**The problem**
Retype exactly the lines from the one that contains "Photo of Stylish" through the end of the listing, both included, but not the pictures.

**Given data**
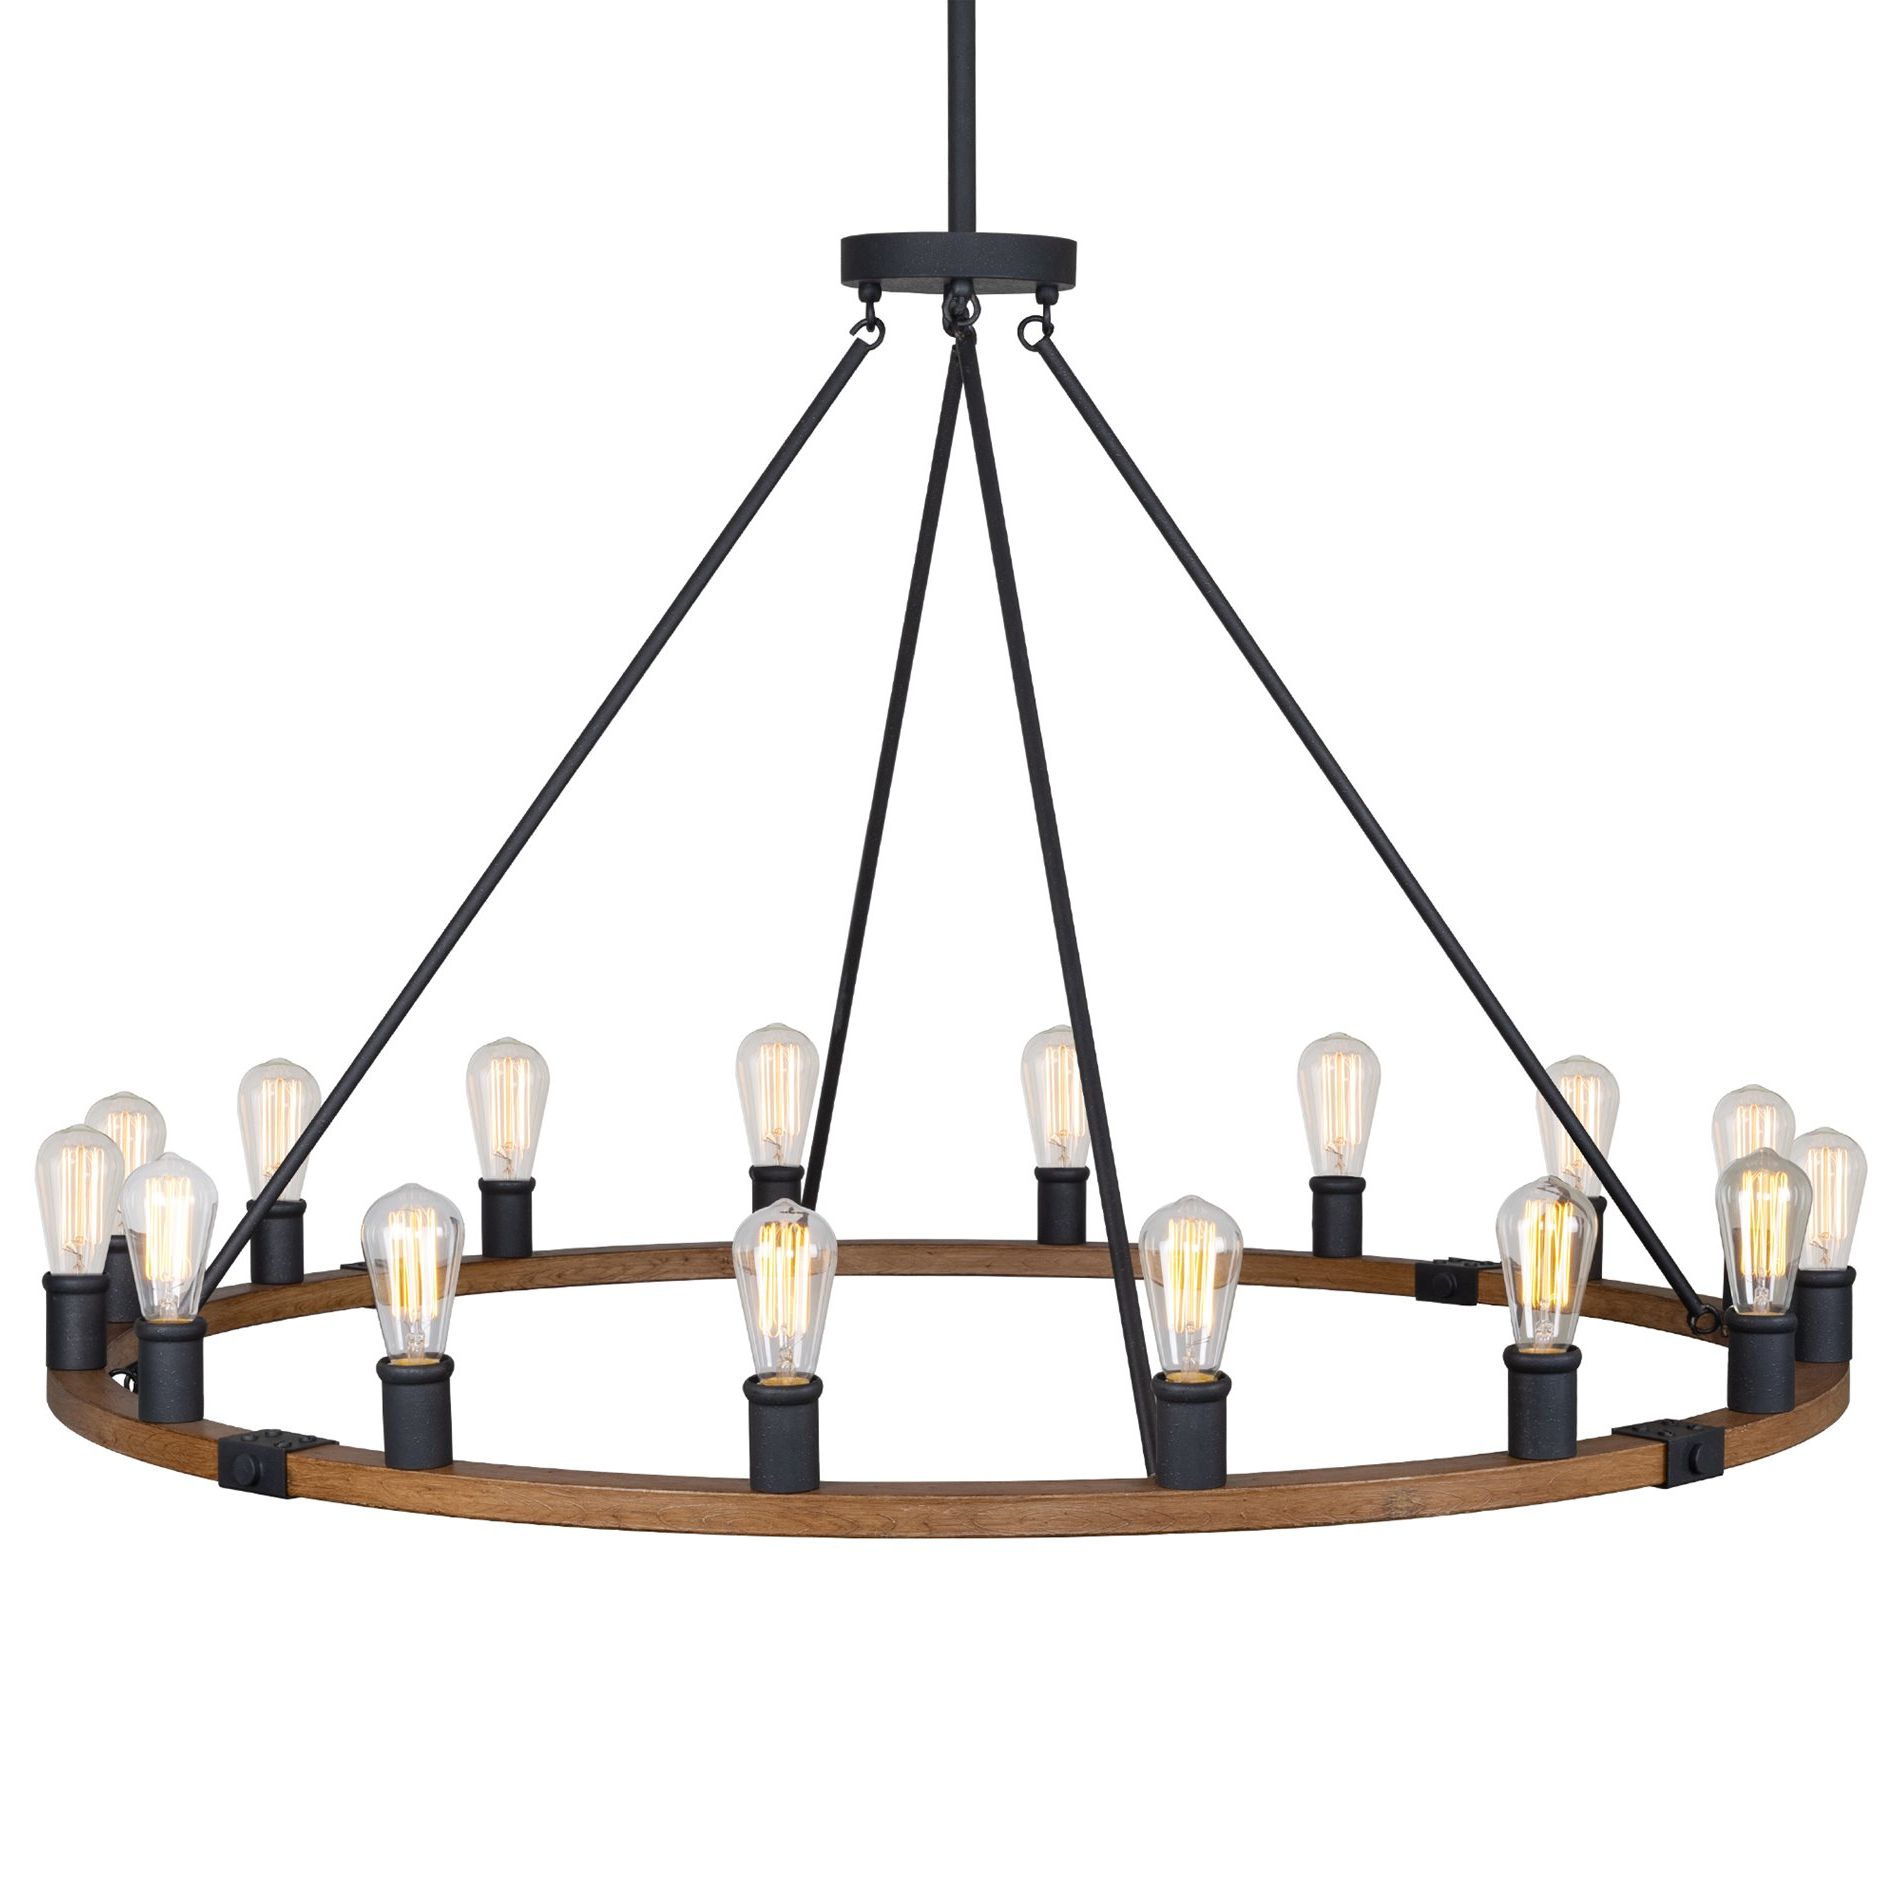 Kira Home Jericho 48" Rustic Farmhouse Wagon Wheel Pertaining To Most Up To Date Weathered Oak Kitchen Island Light Chandeliers (View 11 of 15)
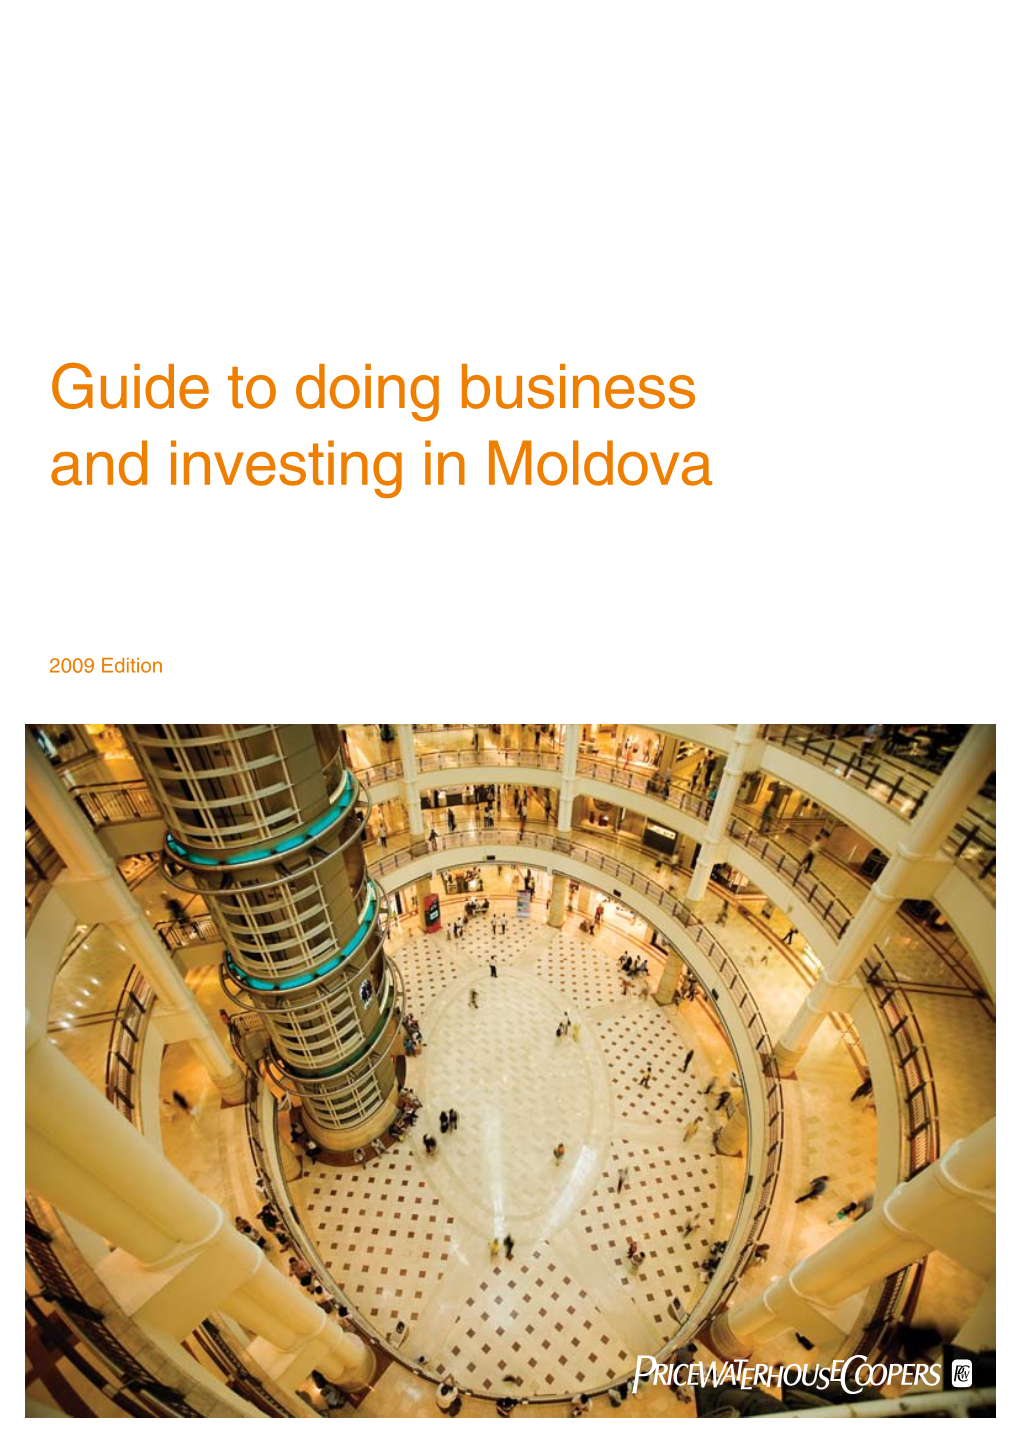 Guide to Doing Business and Investing in Moldova
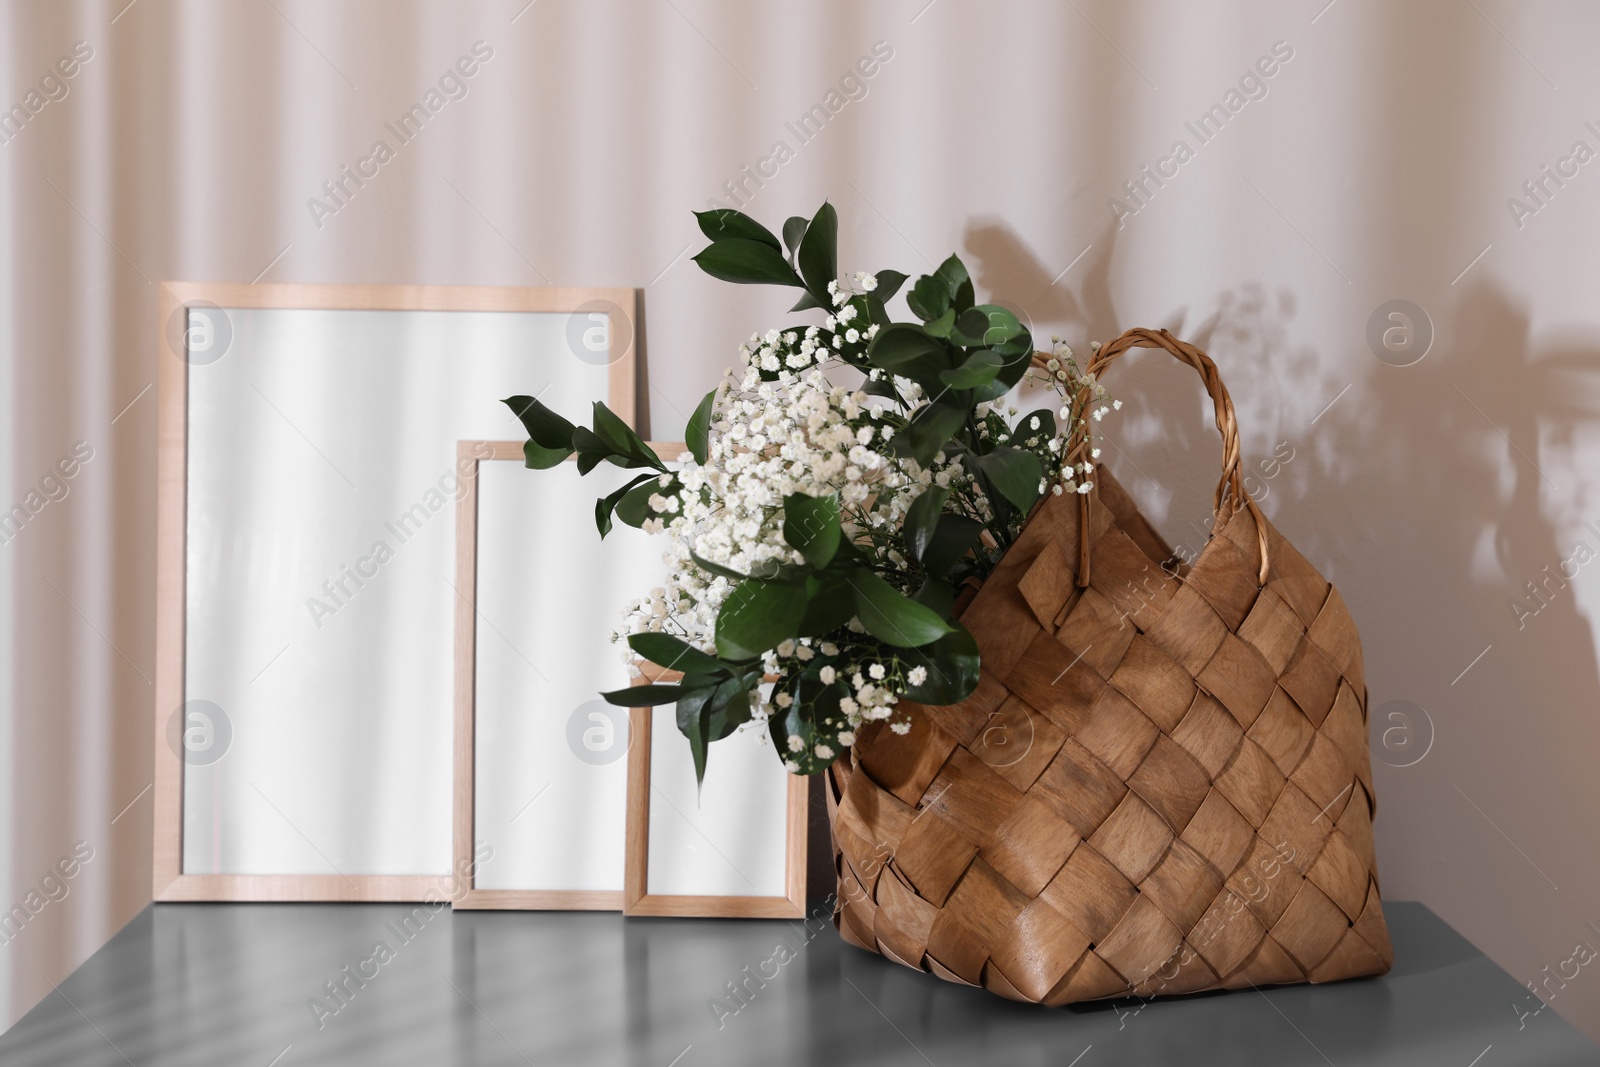 Photo of Stylish wicker basket with bouquet of flowers near empty frames on wooden table indoors
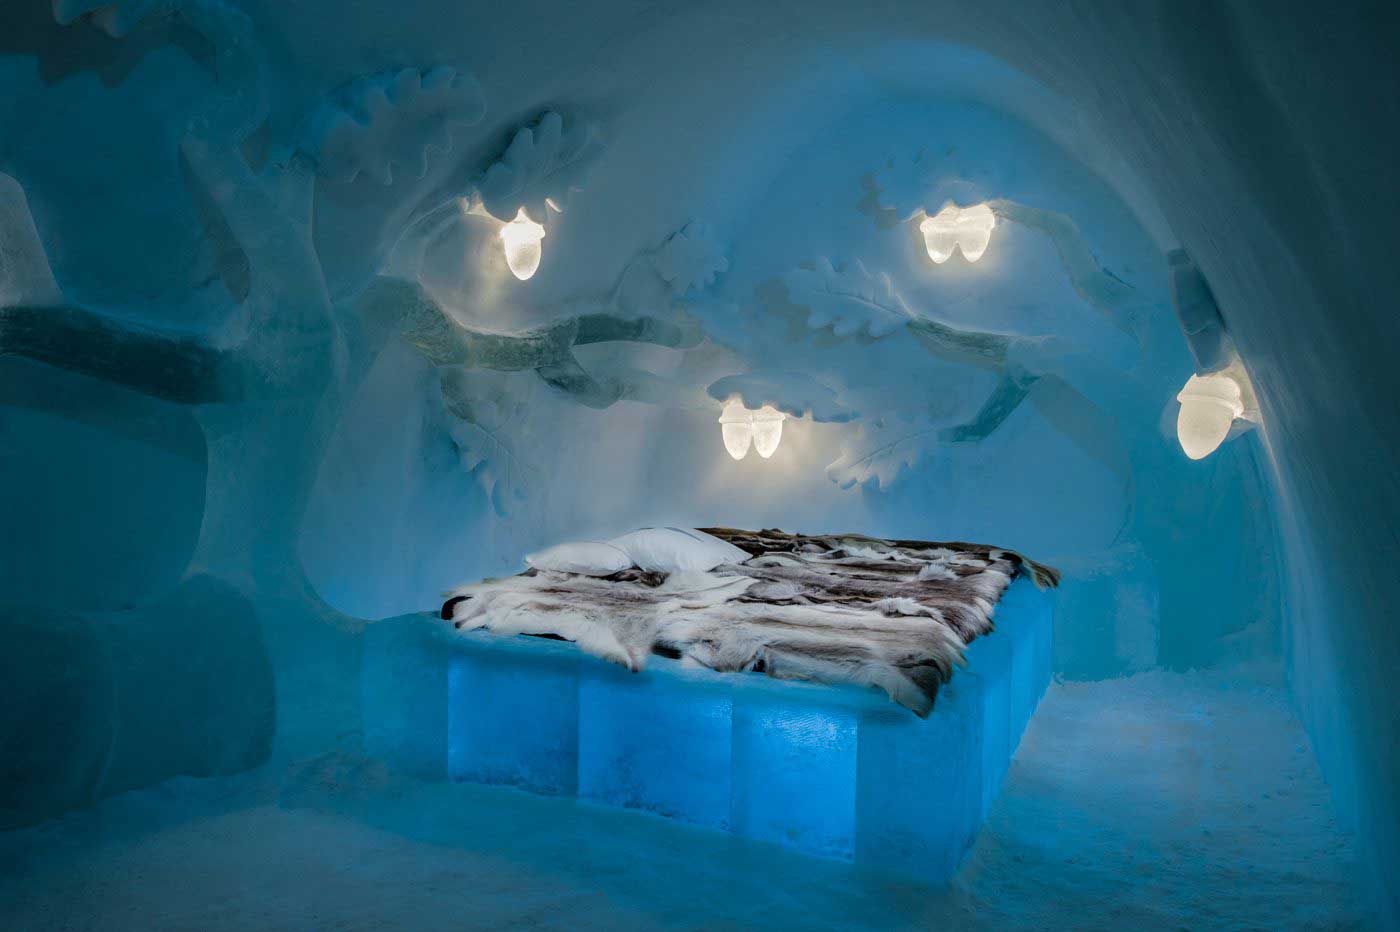 This year’s Icehotel has forest, ocean, and sweet shop-themed rooms

**Solution for this problem**
 Photo of Stylish wicker basket with bouquet of flowers near empty frames on wooden table indoors
 This year’s Icehotel has forest, ocean, and sweet shop-themed rooms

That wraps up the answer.